In 1998, I found my self on the verge of a frightening reality. I was about to graduate with a near 6-figure debt and a piece of paper certifying me as a ‘Sculptor’. And that is why I started working with computers.
I was slowly teaching myself Photoshop and Flash 3. I found the textbooks for learning these programs to be horribly boring. I recall very vividly one of the chapters in the Photoshop book directing me to draw a fuzzy selection around the fisherman in the image they provided. It was a misty vignette for a River-Runs-Through-It-inspired sentimentality, and I was bored.

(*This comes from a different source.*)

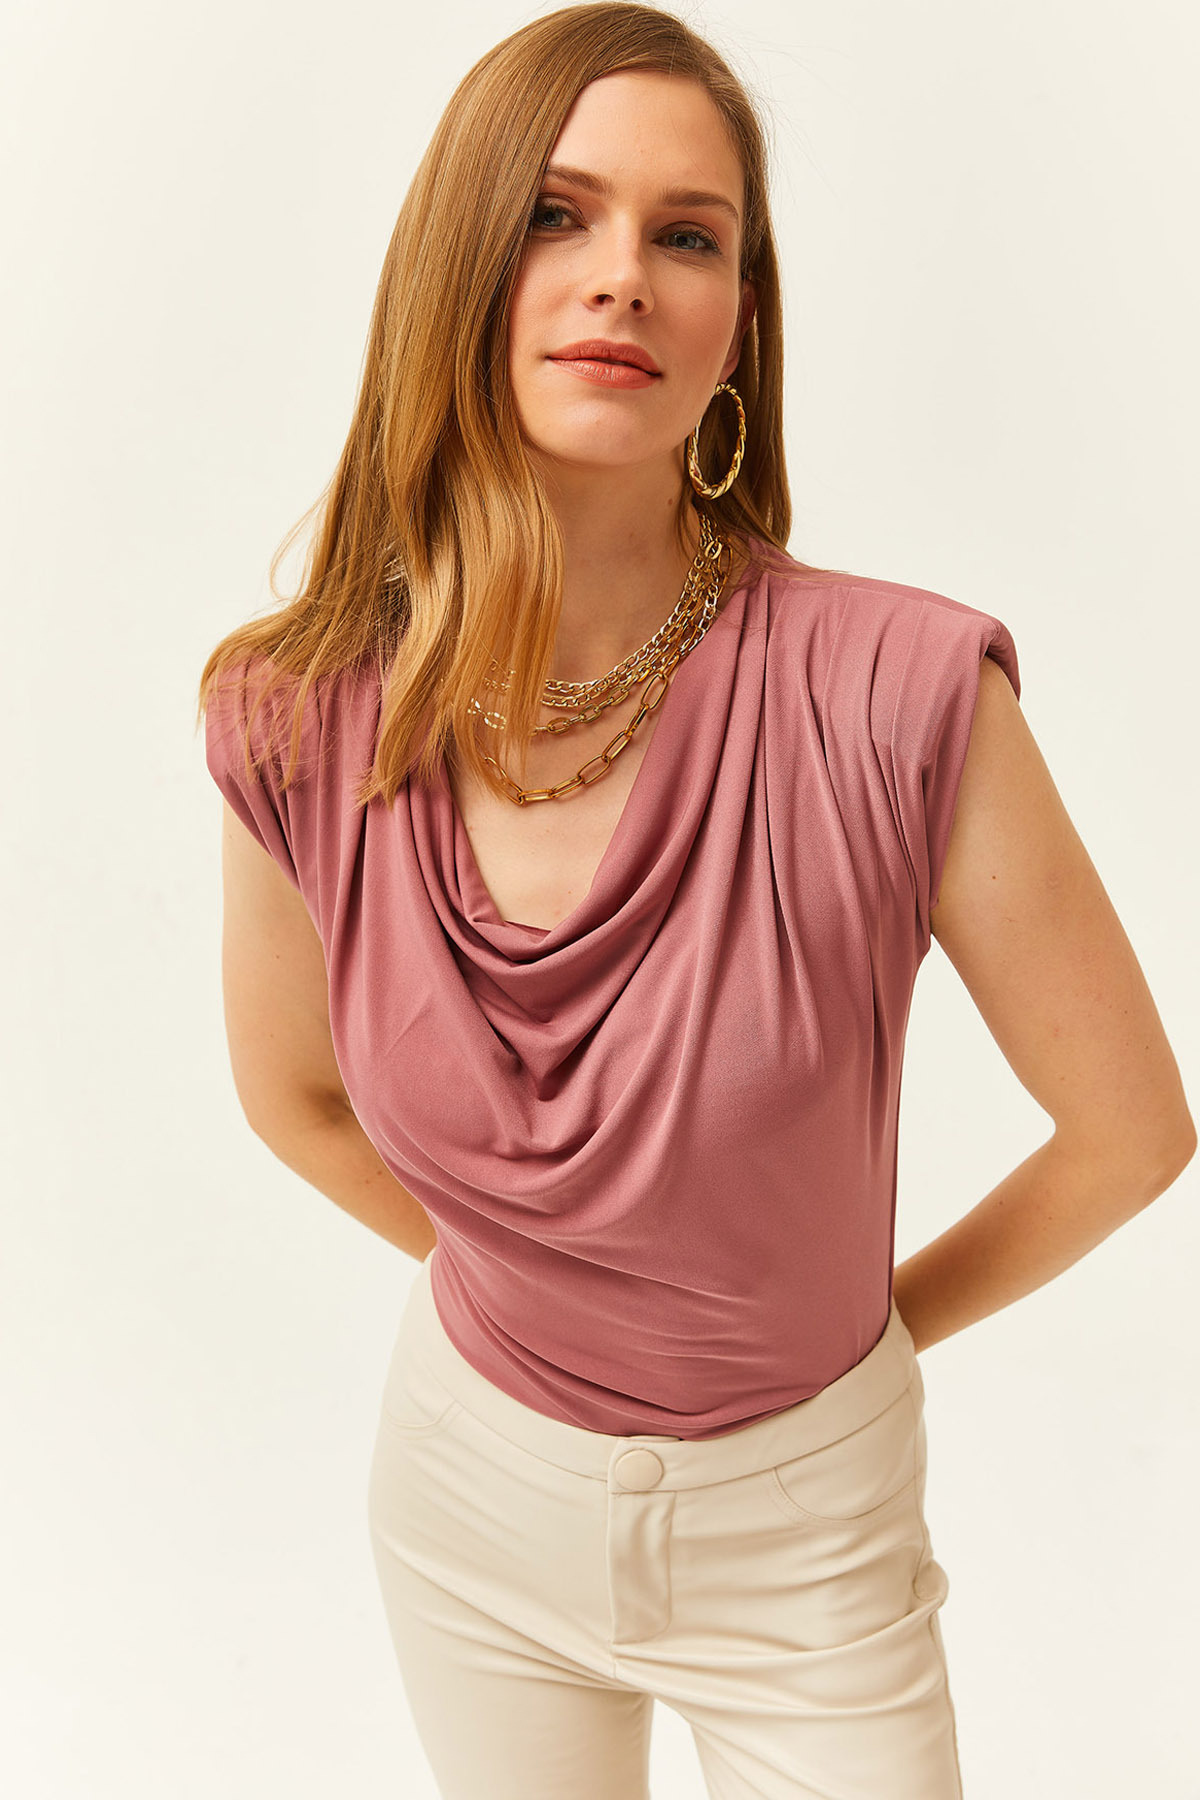 Olalook Women's Pale Pink Waistband Detail Collar Flowy Blouse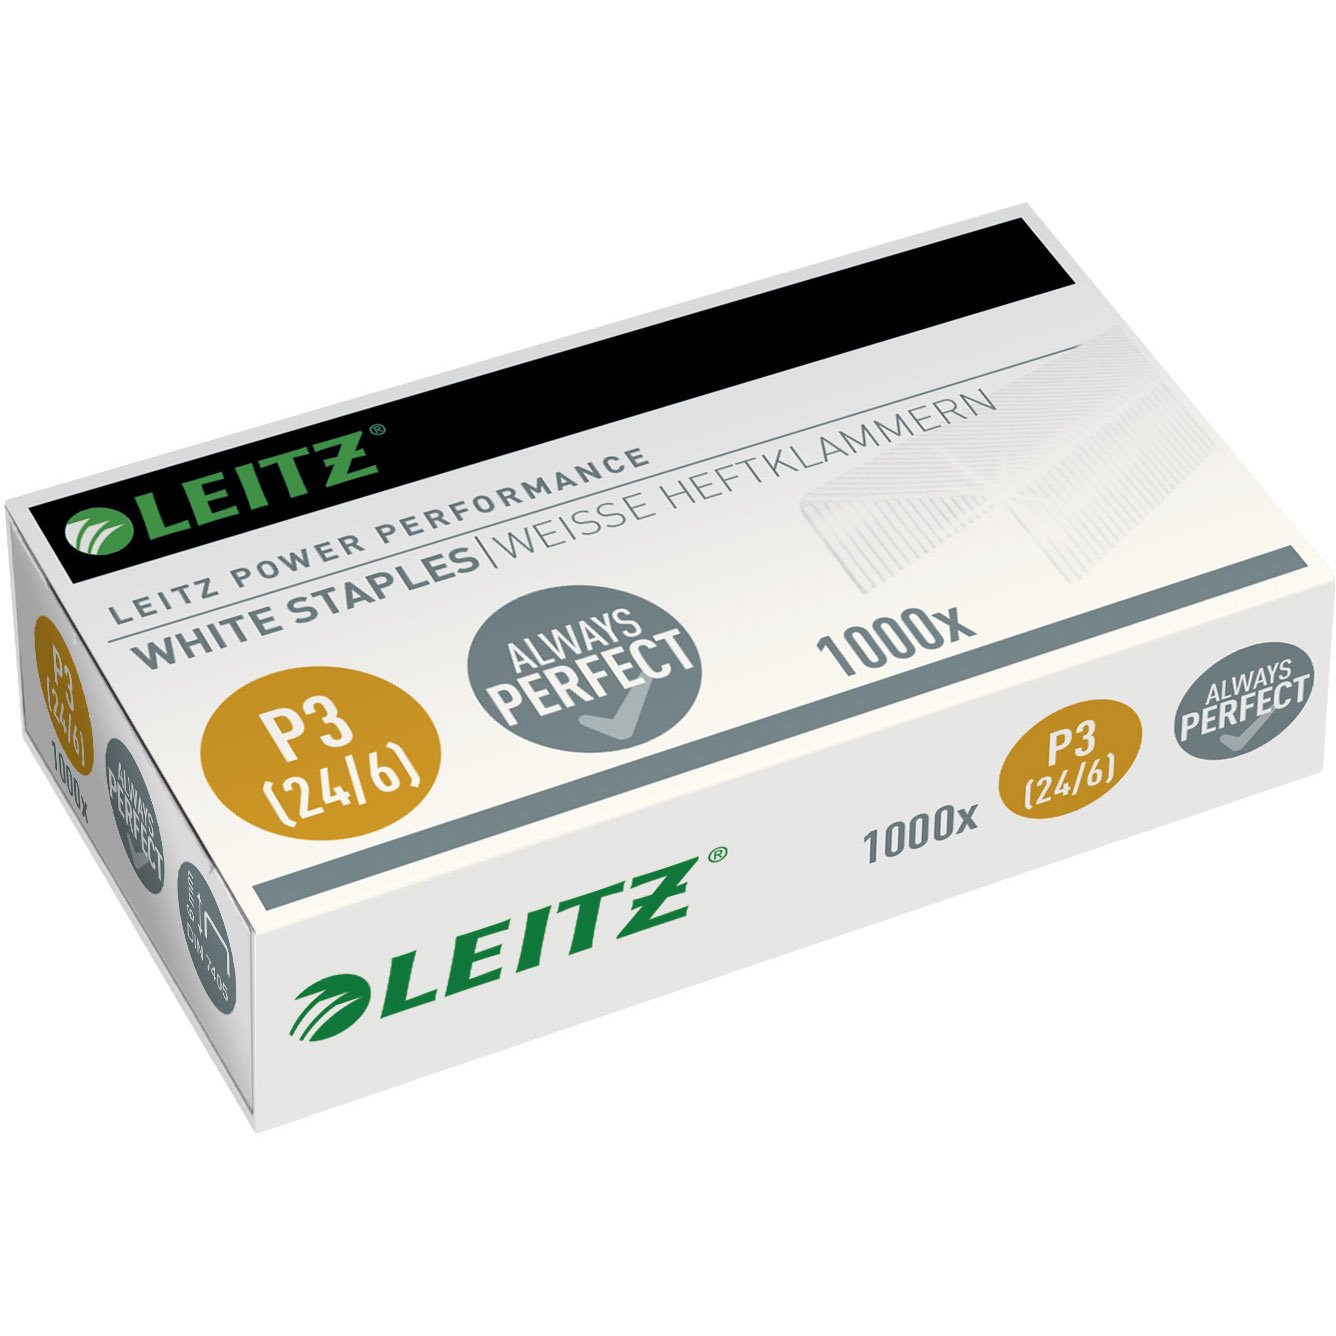 Leitz Power Performance hæfteklammer 24/6 P3

Not surprisingly, I found that I was more driven and interested by the prospect of swapping heads in photos of people I knew. Eventually, swapping heads turned into adding penises. I was inspired by a friend’s personal art project. He would take a GAP or J-Crew catalogue and for a single one of the models, he would paste in a photo of the tip of a penis just peeking out the top of some smart khakis. He would then return these modified catalogues to the store and leave them in the stack for others to take.
After a few dozen heads and a few hundred penises, I decided I should start working on portfolio pieces. The work I had been doing wasn’t quite appropriate. I needed something else. I decided on creating a fake corporation and I would do some logo options and create different styles for business cards and potential websites. I played around with some fake pharmaceutical product names like “Pill-ex” and “Labrosine” and “Engorgetech”. Nothing quite felt right. Until shift-9. The ‘(’ character of the Zapf Dingbats font. The airplane icon.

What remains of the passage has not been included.